This column was published November 12, 2022 in the Manhattan Mercury.
Early in my career, I got used to power. People would return my calls promptly and gave me what I wanted. As a TV news reporter covering politics in the ‘90s, I wanted them to drop everything, rearrange their day, invite me into their home or office, let me stick a camera and microphone in their face, and allow them to pontificate about whatever I deemed newsworthy enough to prompt my call.
Not next week, not tomorrow. Today. At 10 a.m. Then at 2 p.m., I’d do it all over again with someone representing a differing or opposing view. Then back to the TV station, write, voice and edit the package to air on the 6 o’clock news.
A combination of factors influenced their decisions to say, sure Matson whatever you want, none of them because they liked the color of my eyes. I was a vessel for their message, amplified by the most effective communications vehicle of the era.
Later, when I switched sides of the camera and became spokesman for a Governor, the same premise held true. Calls were still returned promptly, but a layer of unspoken influence was added. Specifically because those returning the calls perceived that I was important, simply because I spoke for the Governor, they would do what I want. Or if initially wary, I found I could often get them there by the end of the call.
Come to your shop and disrupt your business day for a bill-signing ceremony? Sure. Work up a quick white paper on the ins and outs of the Homestead Property Tax Exemption? You bet. You’ll have it by lunchtime.
I knew enough about the ways of the world to sense this was not normal, that it was somehow special. My end of the bargain, however, was becoming the norm, and because I was a marginally intelligent, well-spoken cisgender white male, I got the benefit of the doubt. Always. The ‘90s Kansas culture was on my side.
The unspoken payoff was that dealing with me got you on TV or close to the Governor.
When my career transitioned to the less glamorous, everyday work of system advocacy, the luster faded. Absent the imprimatur of the Governor or the shine of being that dude on TV, I became just another garden variety manipulator. Just another apparatchik.

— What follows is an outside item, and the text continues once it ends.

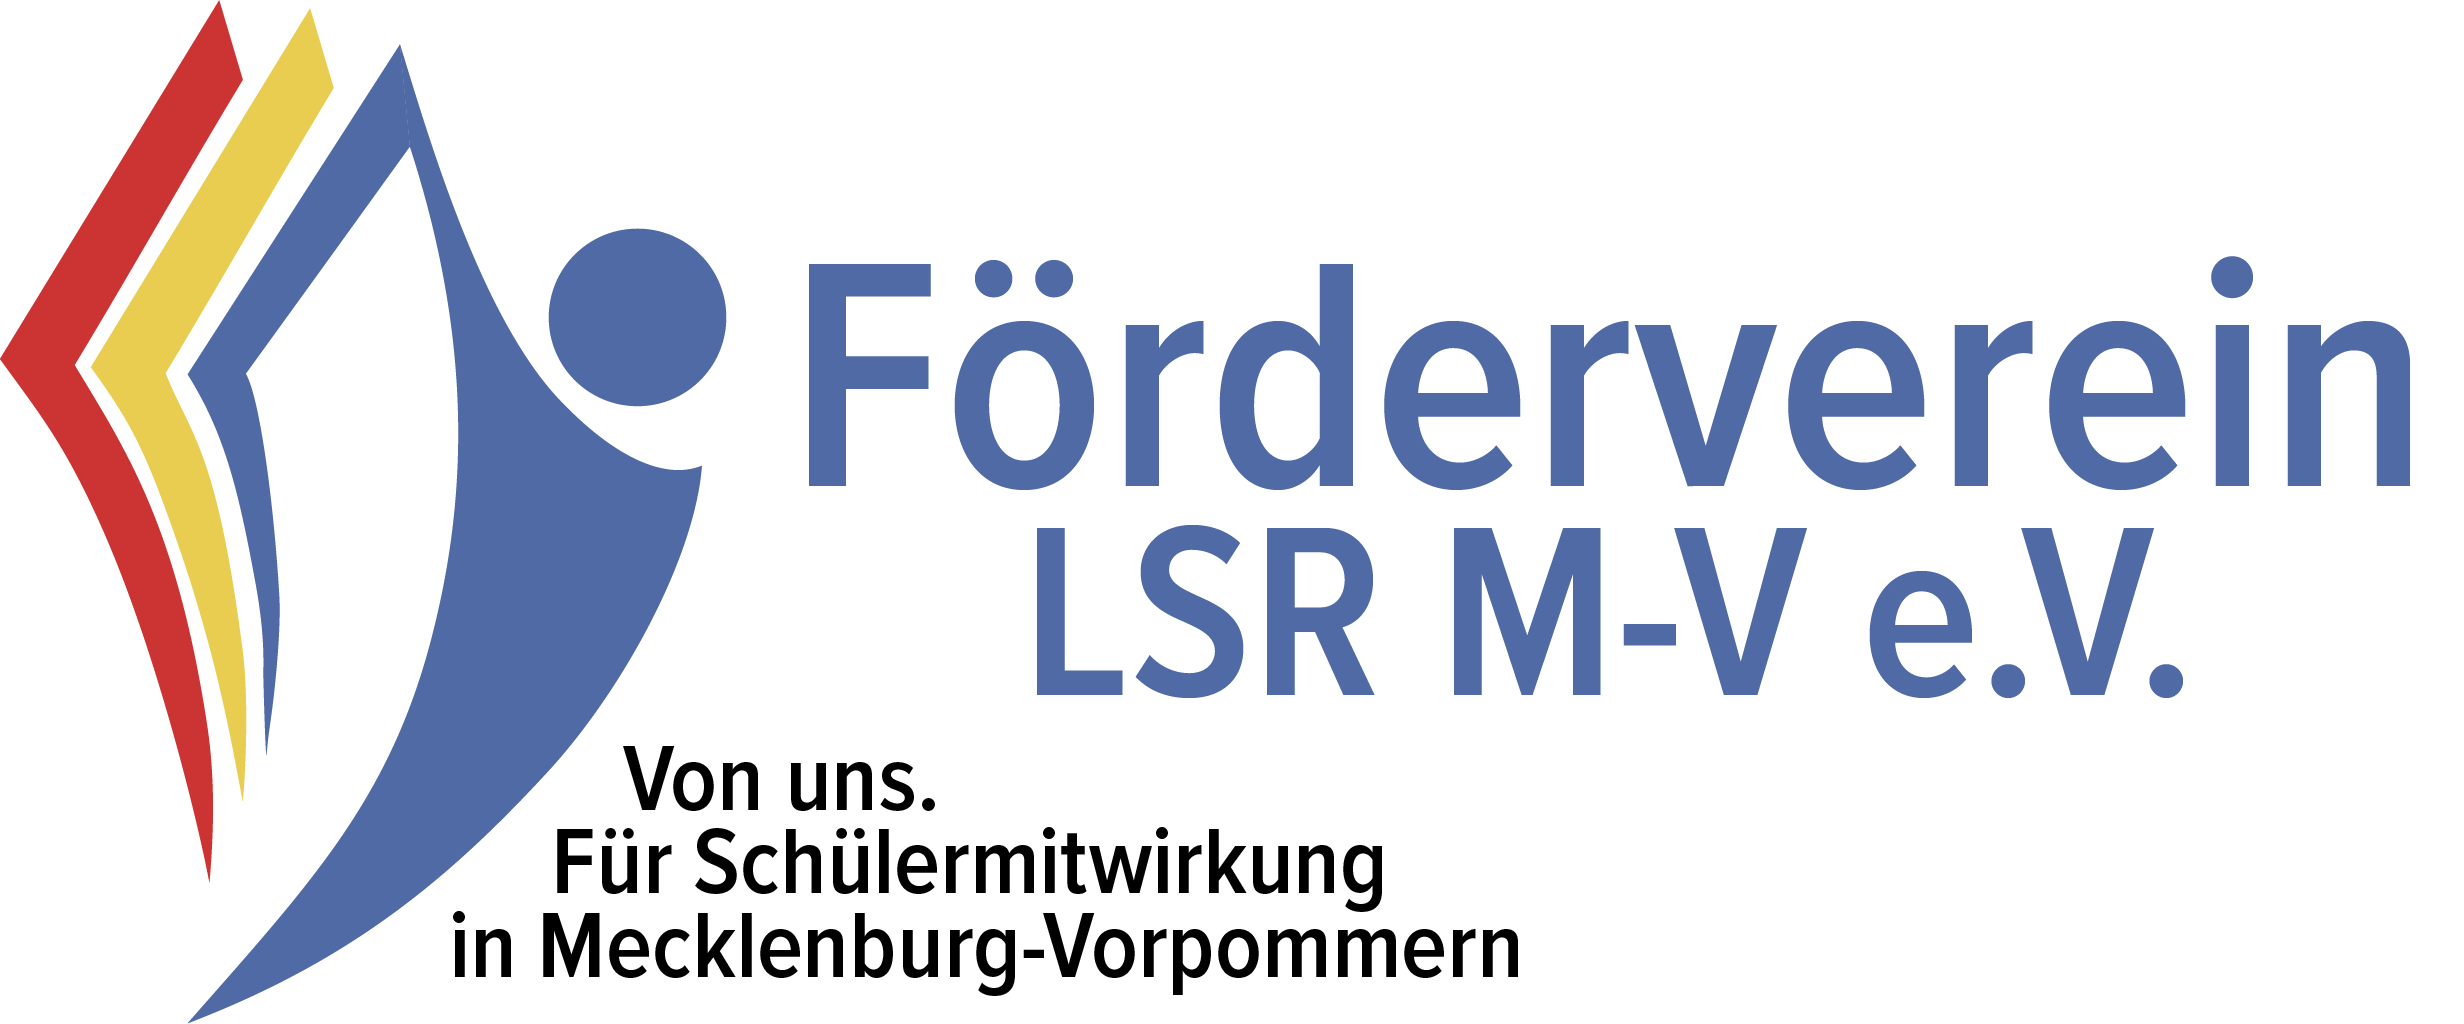 Förderverein Landesschülerrat M-V e.V.

All of this ran parallel with recovery from addiction. Awareness was a huge initial step. When I gained the ability to levitate above the milieu and see the entire picture, to visualize the full idea-to-endgame chronology, only then did it hit me I wasn’t winning people over purely by dint of personality, firm handshake and winning smile.
Whether it was filling the daily news hole, helping get a Governor elected, or spinning public policy proposals, it may have been manipulation in the service of moving an agenda, but it was still manipulation.
The recovery-driven change was gradual awareness, leading to a simple realization. Removal of self. Don’t lead with “me.” The Sunday school lesson of love your neighbor was legit. I learned to levitate and have come to interpret my recovery as sort of an existential mashup of physical, mental, spiritual and emotional health. What else is there?
Relationships ceased to be transactional and became genuine. It wasn’t power. It was a delusion of power. I try to live with no expectation of praise or pity. The operative word being, ‘try.’
By owning the past, I leave myself open to redemption.